In order to send our profile to WhyLabs, let's first set up an account. You can skip this if you already have an account and a model set up.
We will need three pieces of information:
First, grab a free WhyLabs account if you haven't already. You can follow along with the examples if you wish, but if you’re interested in only following this demonstration, you can go ahead and skip the quick start instructions.
After that, you’ll be prompted to create an API token. Once you create it, copy and store it locally. The second important information here is your org ID. Take note of it as well. After you get your API Token and Org ID, you can go to https://hub.whylabsapp.com/models to see your projects dashboard. You can create a new project and take note of it's ID (if it's a model project it will look like model-xxxx
).
import whylogs as why
why.init()
Initializing session with config /home/anthony/.config/whylogs/config.ini ✅ Using session type: WHYLABS ⤷ org id: org-JpsdM6 ⤷ api key: l70gARzBVZ ⤷ default dataset: model-66 In production, you should pass the api key as an environment variable WHYLABS_API_KEY, the org id as WHYLABS_DEFAULT_ORG_ID, and the default dataset id as WHYLABS_DEFAULT_DATASET_ID.

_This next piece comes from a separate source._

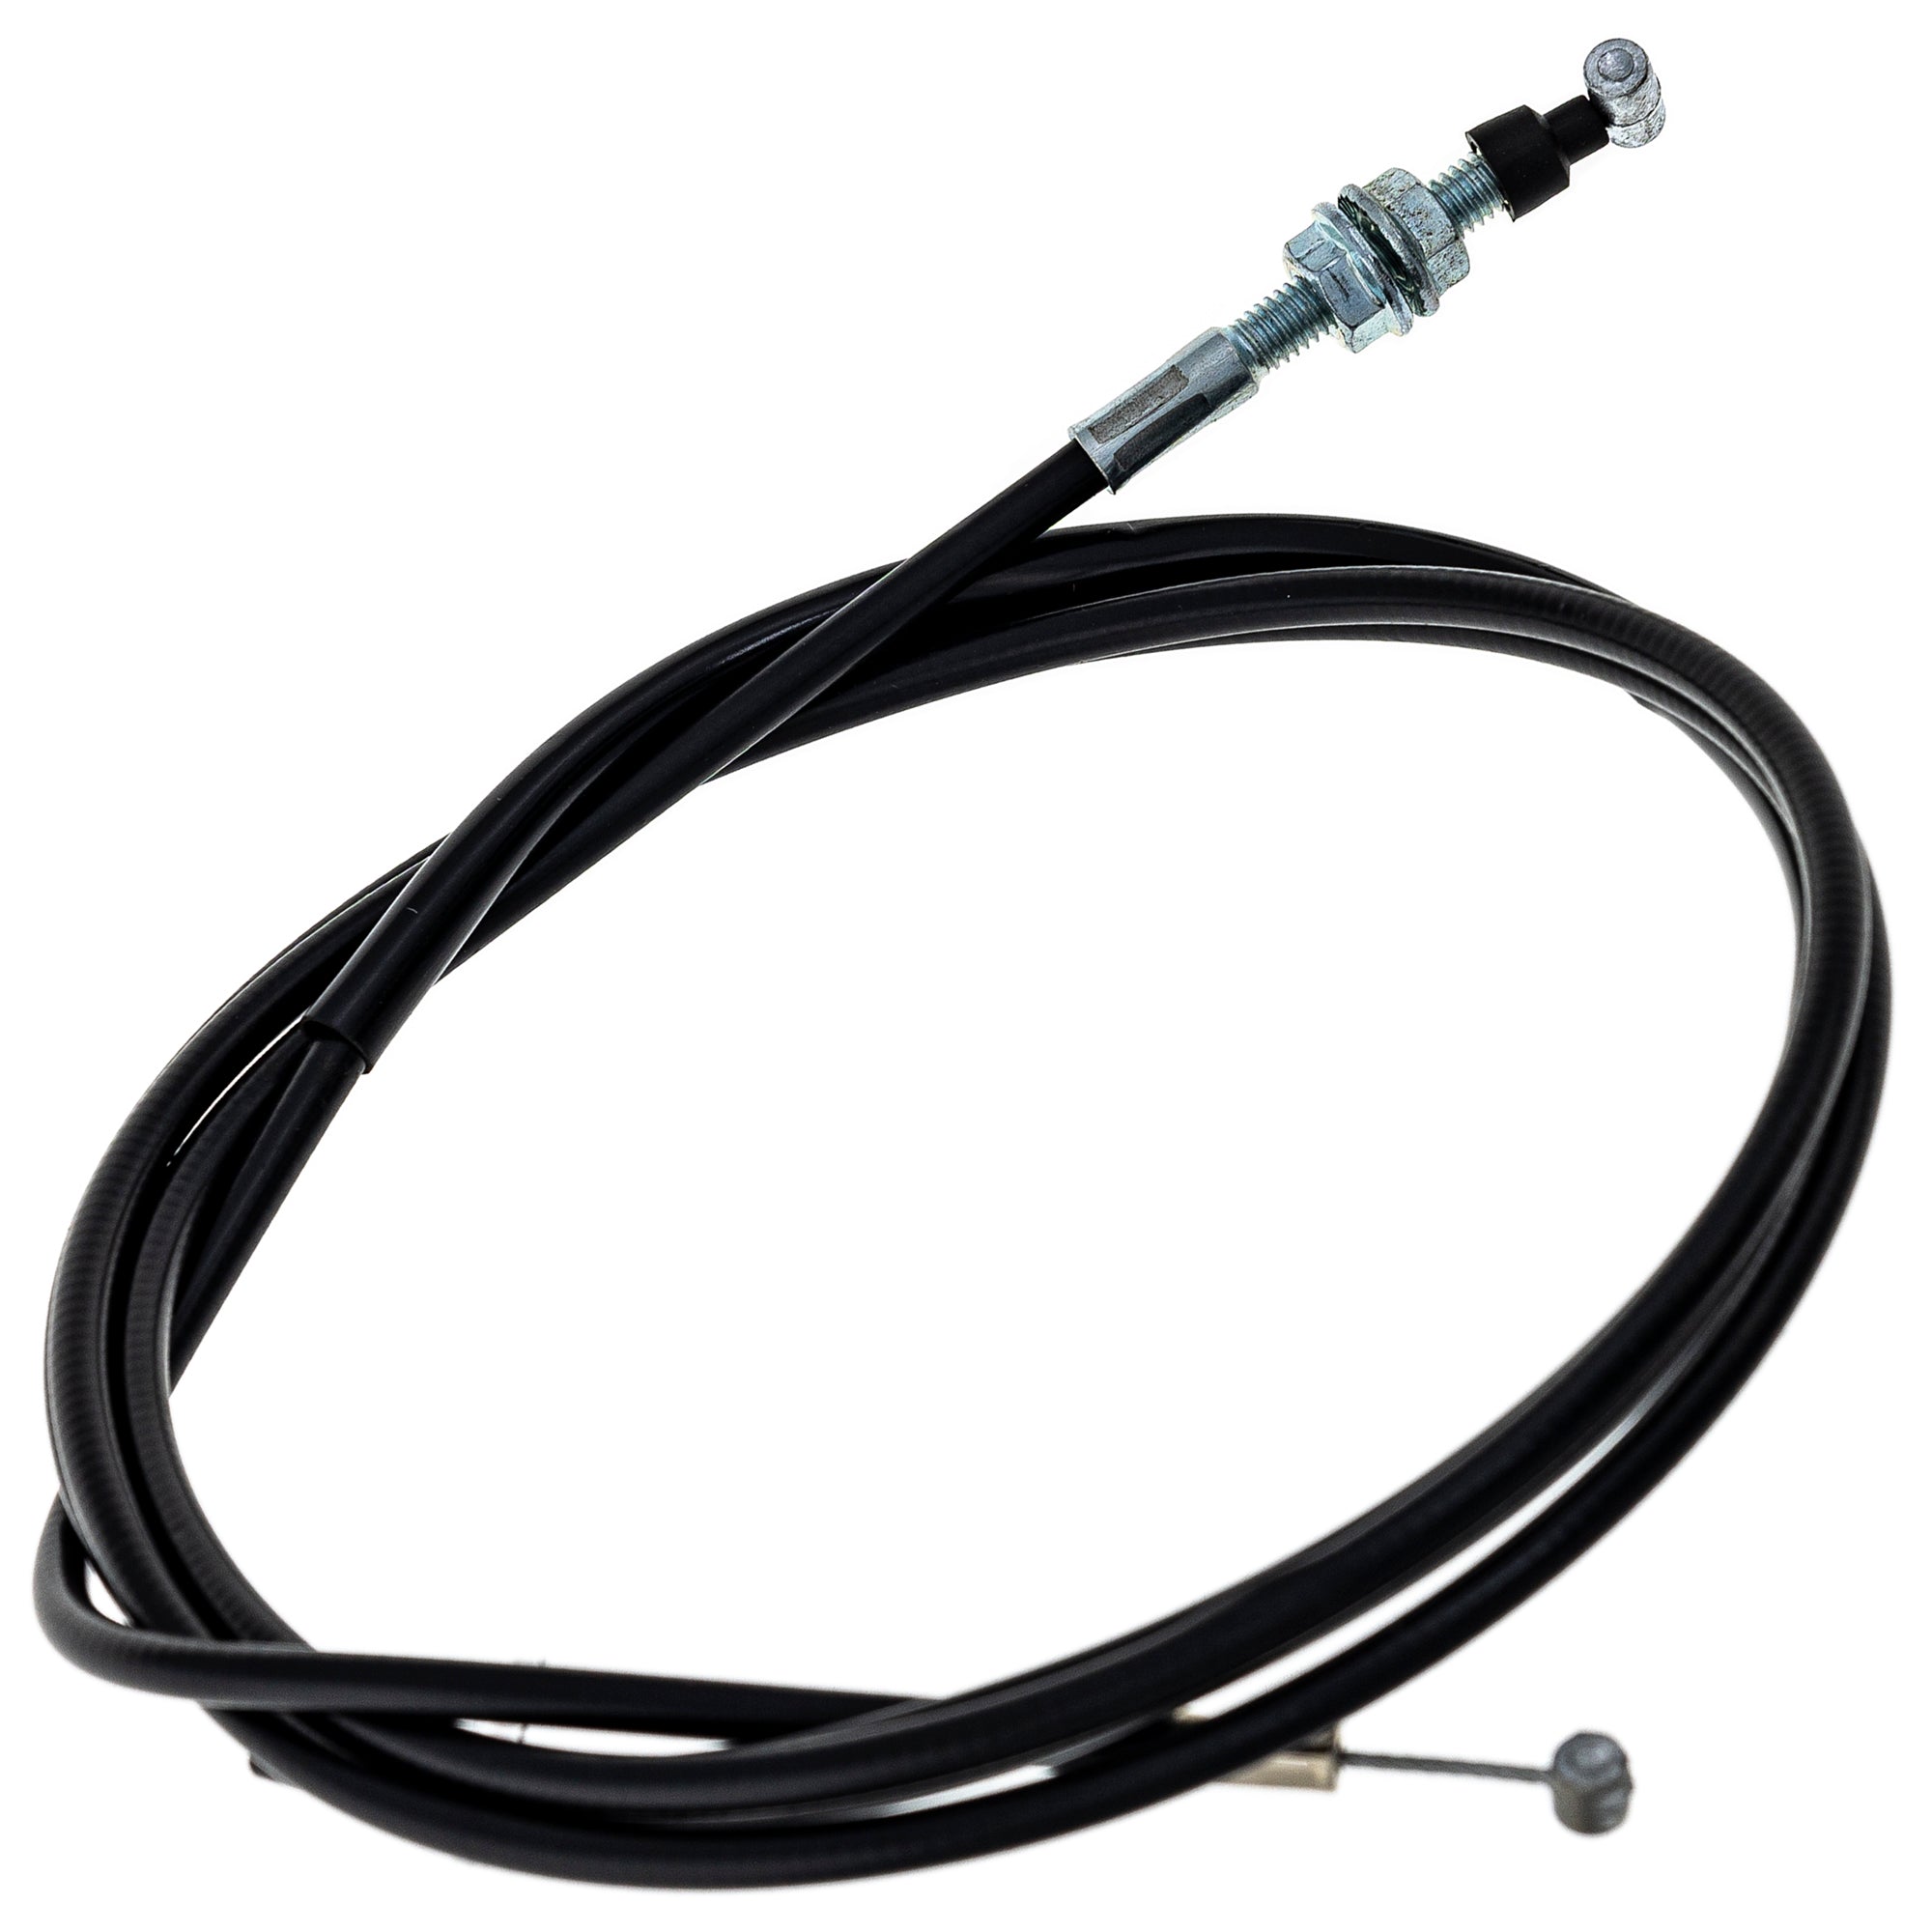 Reverse Cable for Honda TRX300 TRX300EX TRX300FW 22880-HC5-970

<whylogs.api.whylabs.session.session.ApiKeySession at 0x7fd8b24392b0>
Once the feature weights are calculated, sending them to WhyLabs is very simple.

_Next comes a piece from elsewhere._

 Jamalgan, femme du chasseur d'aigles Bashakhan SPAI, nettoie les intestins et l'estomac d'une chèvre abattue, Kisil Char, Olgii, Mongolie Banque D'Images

We first need to wrap the dictionary into a FeatureWeights
object:
from whylogs.core.feature_weights import FeatureWeights
feature_weights = FeatureWeights(weights)

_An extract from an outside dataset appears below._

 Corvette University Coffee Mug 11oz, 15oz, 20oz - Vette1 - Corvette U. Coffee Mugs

And then use the WhyLabsWriter
to write it, provided your environment variables are properly set:
from whylogs.api.writer.whylabs import WhyLabsWriter
result = feature_weights.writer("whylabs").write()
result
(True, '200')
Another way of doing the exact same thing is by instantiating the Writer itself, and then calling write
:
WhyLabsWriter().write(feature_weights)
(True, '200')
You can also get the feature weights from WhyLabs with get_feature_weights()
:
result = WhyLabsWriter().get_feature_weights()
print(result.weights)
print(result.metadata)
{'Feature_4': 93.32225450776932, 'Feature_5': 86.50810998606799, 'Feature_6': 26.74606669803453, 'Feature_1': 12.444827855389764, 'Feature_7': 3.285346398262155, 'Feature_2': -3.108624468950438e-14, 'Feature_8': -2.531308496145357e-14, 'Feature_9': 1.9539925233402755e-14, 'Feature_3': -1.9095836023552692e-14, 'Feature_0': 3.4778530780712388e-15} {'author': 'system', 'updated_timestamp': 1694207704547, 'version': 2}
As you can see, the result will contain the set of weights in result.weights
, along with additional metadata in result.metadata
.
If you write multiple set of weights to the same model at WhyLabs, the content will be overwritten. When using get_feature_weights()
, you'll get the latest version, that is, the last set of weights you sent. You're able to see which version it is in the metadata, along with the timestamp of creation.